Patient v Payment Centric Healthcare Delivery

The Health Market Series 

Continuing observations on the nature of the US Healthcare market.

We know that the US health market is different, peculiar by world standards, and incomprehensibly complex. We know that it is difficult to understand as a market because the person receiving the care is not the same person directly paying for care. We have government regulation but the means of delivery are not owned by the government. 

Multi-party structures disrupt normal market information exchange about service definition, cost, and quality. The result is an endless and constantly changing set of definitions, rules and regulations, and third parties defining the experience. 

If healthcare was a sentence, “patient” would be the object and not the subject or the verb. Even if we substitute “person” or “consumer” for the patient, the way healthcare is delivered always makes the person receiving the service the object of action by somebody else. Given the asymmetry of knowledge, experience, and professional control structure, could it ever be otherwise? 

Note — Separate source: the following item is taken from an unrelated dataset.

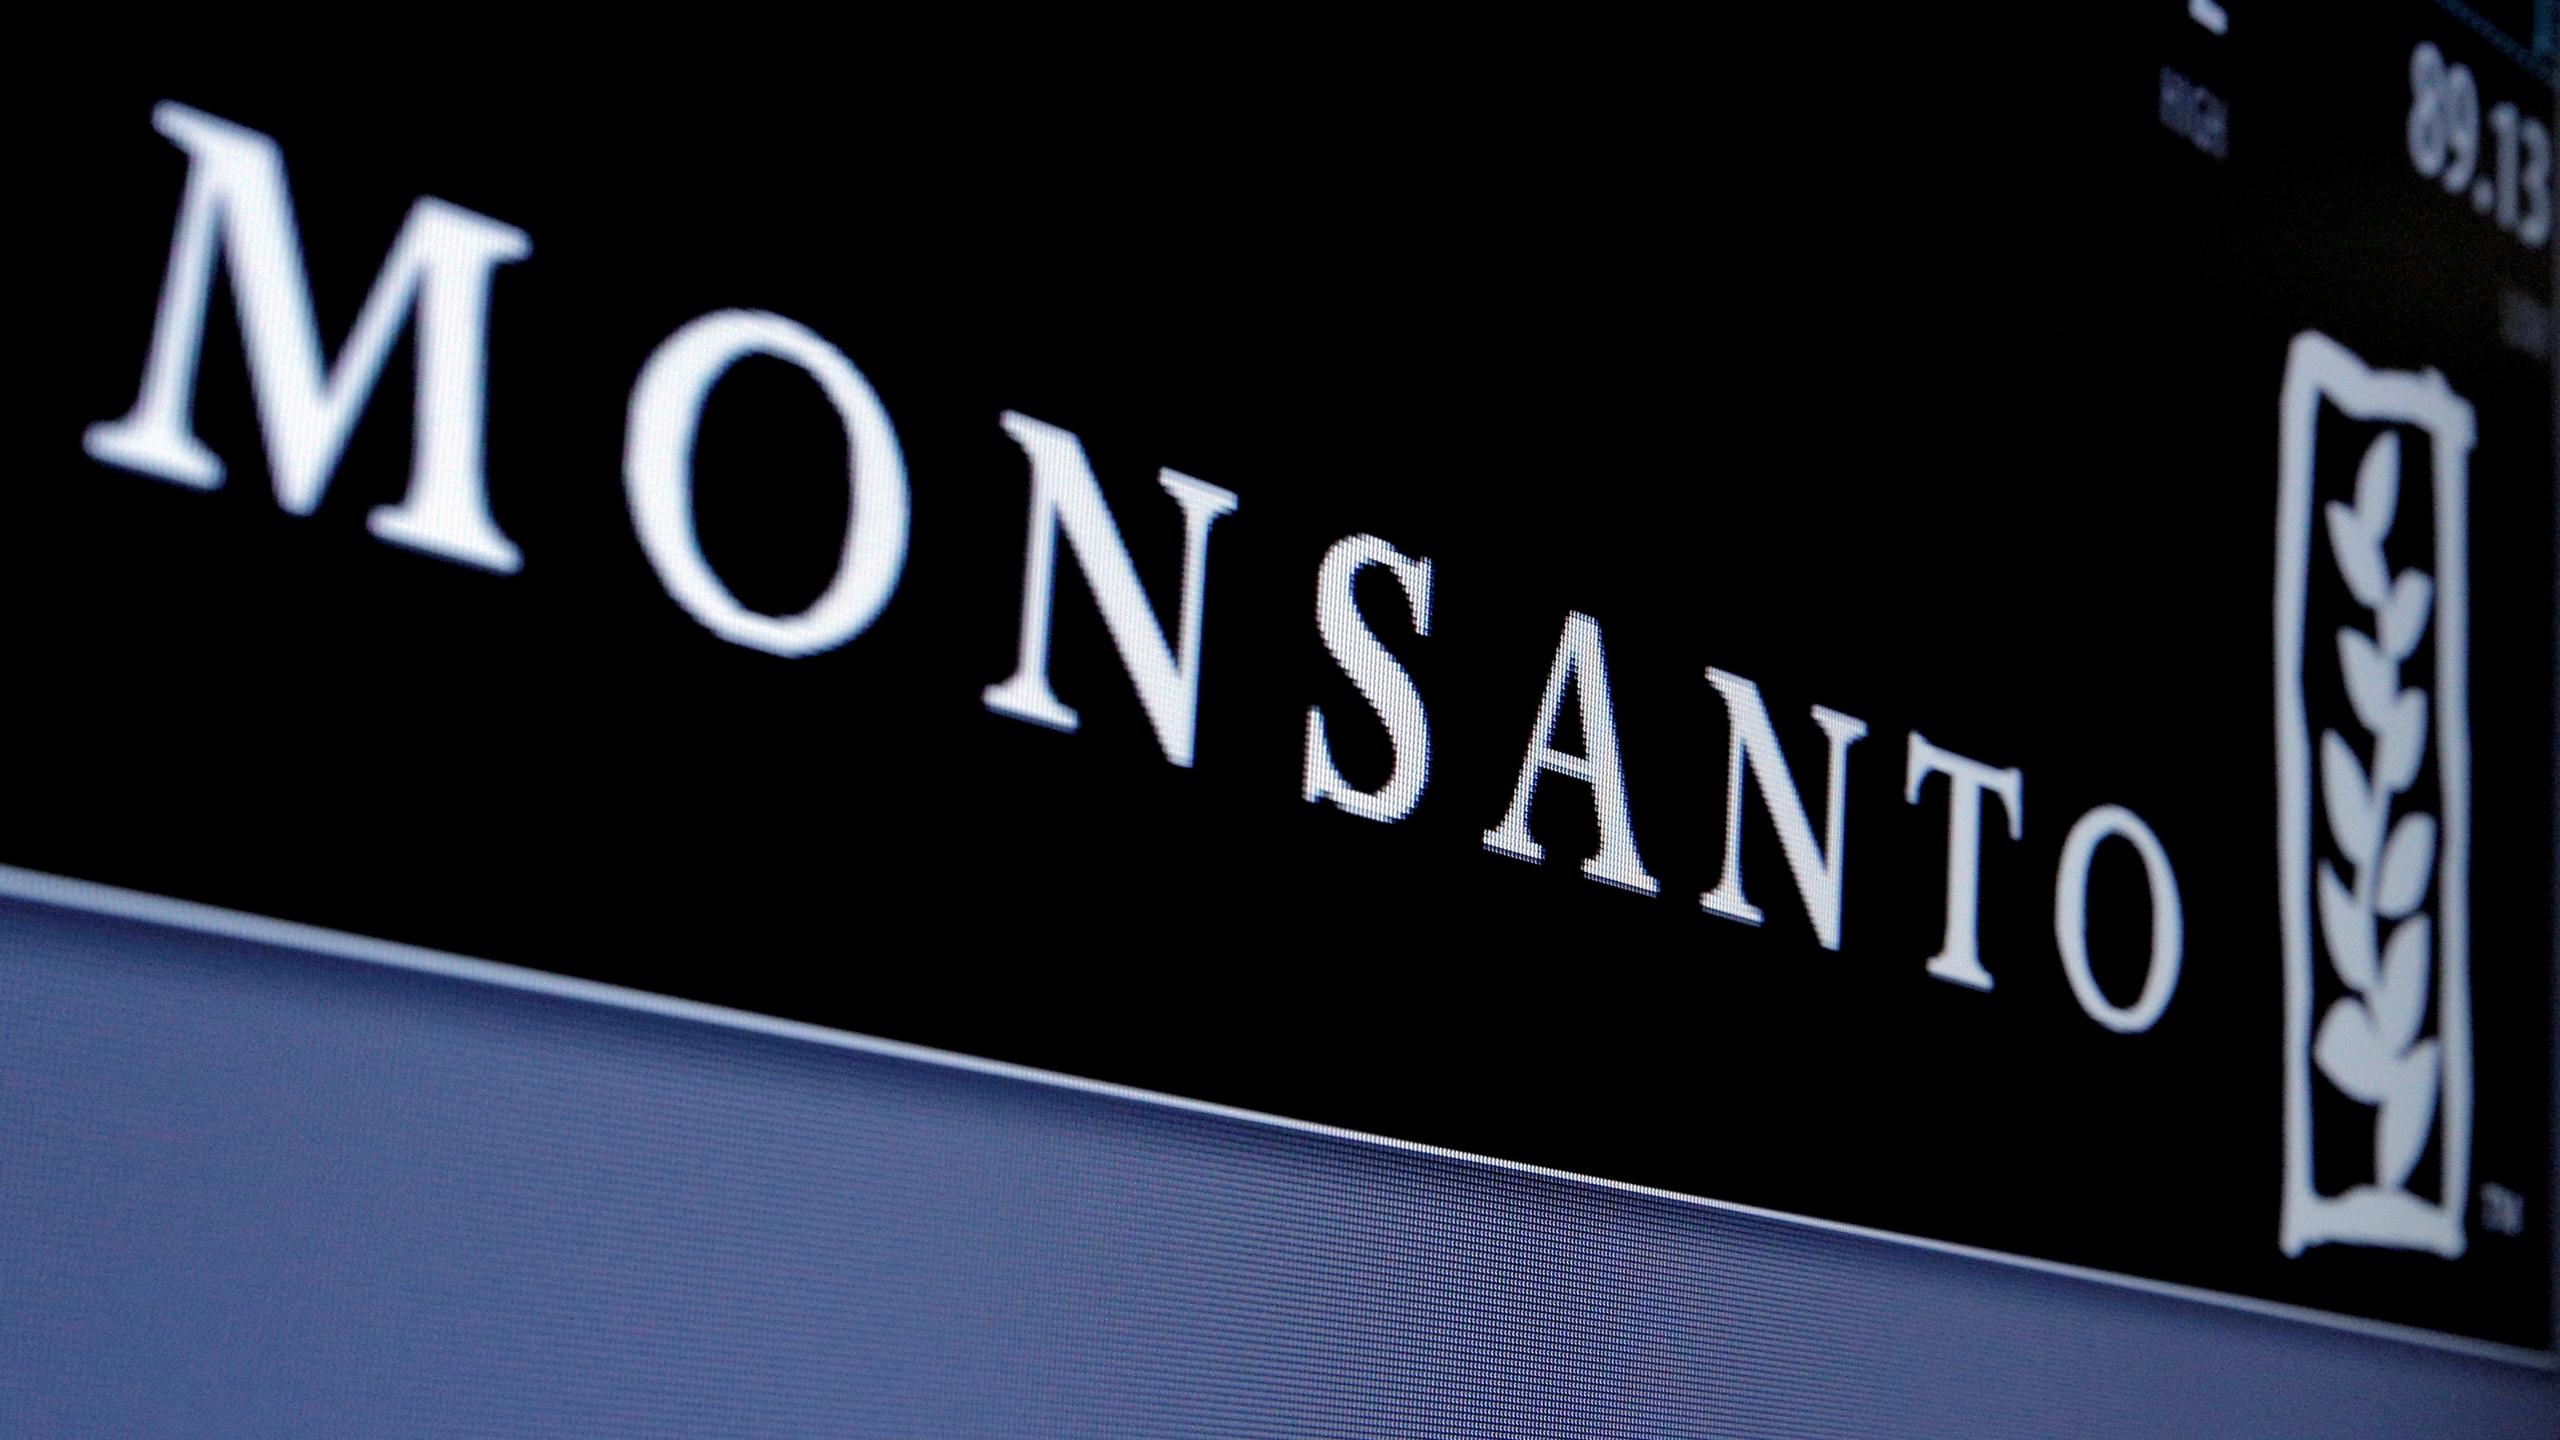 Francia veta herbicida con glifosato de Monsanto por riesgos en salud

If we add the complexity of payment, we see the “patient-person-consumer” has limitations on what services are available, who delivers them, and under what conditions because what action is done is pre-determined by somebody, not the patient. What’s different is that there are many, many people and not a single source like the government. 

So far, the idea of healthcare as patient-centric seems far-fetched. Aspirational at best. A mere marketing concept. A feel-good-ism. 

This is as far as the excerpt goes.